Chris Wattie/Reuters

“Wait! There’s even more!” Standing on the floor of the red chamber last October, Mike Duffy sounded like a huckster from a late-night infomercial. But it was a bankable truth. For most of 2013, the 67-year-old senator for P.E.I. dominated the political agenda in Ottawa, whether via the allegations, innuendo and conspiracies he has been busy spreading around town or the RCMP investigation that has followed in his wake.

Caught out for inappropriate expense claims—designating his island cottage as his primary residence, and taking per diems while he was on vacation or party business—the “Old Duff” at first appeared to be taking the high road, repaying $90,172.24. “I filled out the Senate forms in good faith and believed I was in compliance with the rules.

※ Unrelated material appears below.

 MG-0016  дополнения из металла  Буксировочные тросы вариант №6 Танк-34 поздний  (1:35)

Now it turns out I may have been mistaken,” he told the media in February.

However, it soon emerged that it wasn’t his own money. In May, Nigel Wright, Stephen Harper’s chief of staff, admitted he had cut a personal cheque to cover the bill, and resigned. Ever since, the scandal over the senator’s expenses, and the Tory party’s furious efforts to bury the story, have crept closer and closer to the Prime Minister.

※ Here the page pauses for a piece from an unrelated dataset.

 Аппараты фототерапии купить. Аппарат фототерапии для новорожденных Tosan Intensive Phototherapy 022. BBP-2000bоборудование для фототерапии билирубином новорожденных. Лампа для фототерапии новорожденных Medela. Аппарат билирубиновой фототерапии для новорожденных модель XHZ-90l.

Duffy, a heavyweight presence in the Parliament Hill press gallery from the early 1970s on, had always coveted what he termed “the taskless thanks”—a seat in the Senate. His open and shameless lobbying was the stuff of legend. “Mr. Chrétien once told me that every time Mike saw him in the corridor he’d yell out, ‘Prime Minister, I’m ready! I’m ready!’ ” says Eddie Goldenberg, a former Liberal chief of staff. And when Harper finally granted Duffy his wish in late 2008, it seemed a perfect match. Duffy got the title, paycheque and comfortable insider’s pew, while the Tories gained a name who could pack events across Canada and convince partisans to open their wallets for the cause.

OTHER 2013 NEWSMAKERS

But his free-spending habits and famously loose lips soon proved a problem. A recent RCMP court filing details dozens of emails that flew back and forth last winter and spring between apparatchiks and party brass. “My only concern is Sen. Duffy,” wrote Sen. Marjory LeBreton, then the government leader in the upper chamber. “Even though he claims he is careful in what he says and does, the evidence is the opposite!”

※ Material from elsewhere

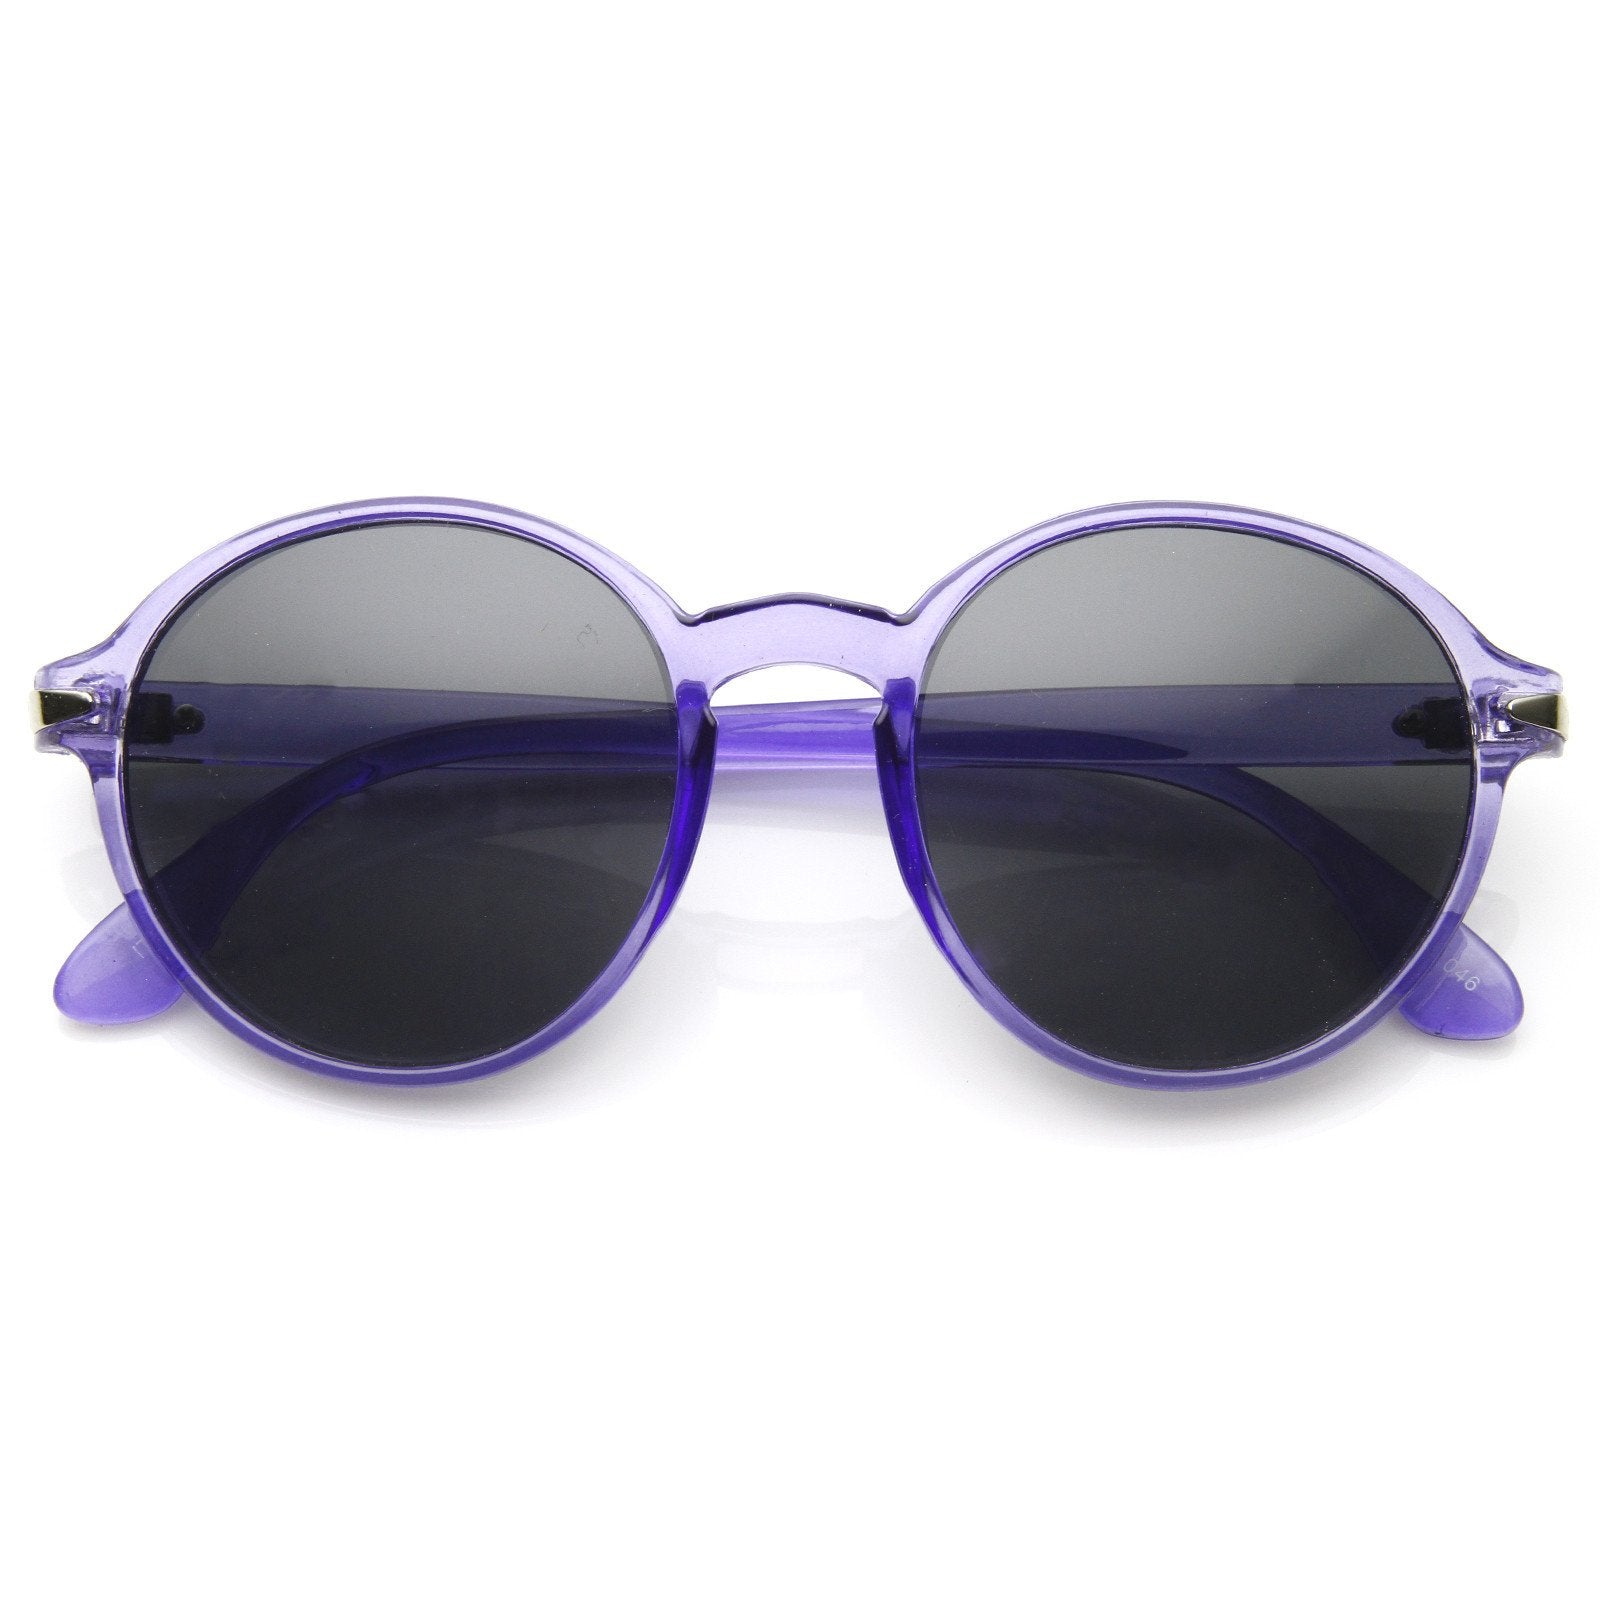 Retro Indie Dapper Round Fashion Sunglasses - zeroUV

Indeed, after the attempt to quietly buy Duffy out of his jam gave way to efforts to punish him—first by forcing him from caucus, then suspending him from the Senate—the former broadcaster proved a formidable foe. Often he has been the one shaping the news through carefully timed disclosures. And the grenades he lobbed during the fight to hold on to his seat—including the revelation that the party covered a further $13,000 of his legal fees—are still exploding. It may not turn out to be the “monstrous fraud” he alleged in October, but the RCMP have indicated they believe both Duffy and Wright committed crimes in their attempts to sweep things under the rug. (Three other senators who made improper expense claims—Pamela Wallin, Patrick Brazeau and Mac Harb—are also under police investigation.) And at least 12 senior Conservatives, including six people in the PM’s office, knew of the former chief of staff’s deal with Duffy, raising many uncomfortable questions for their boss.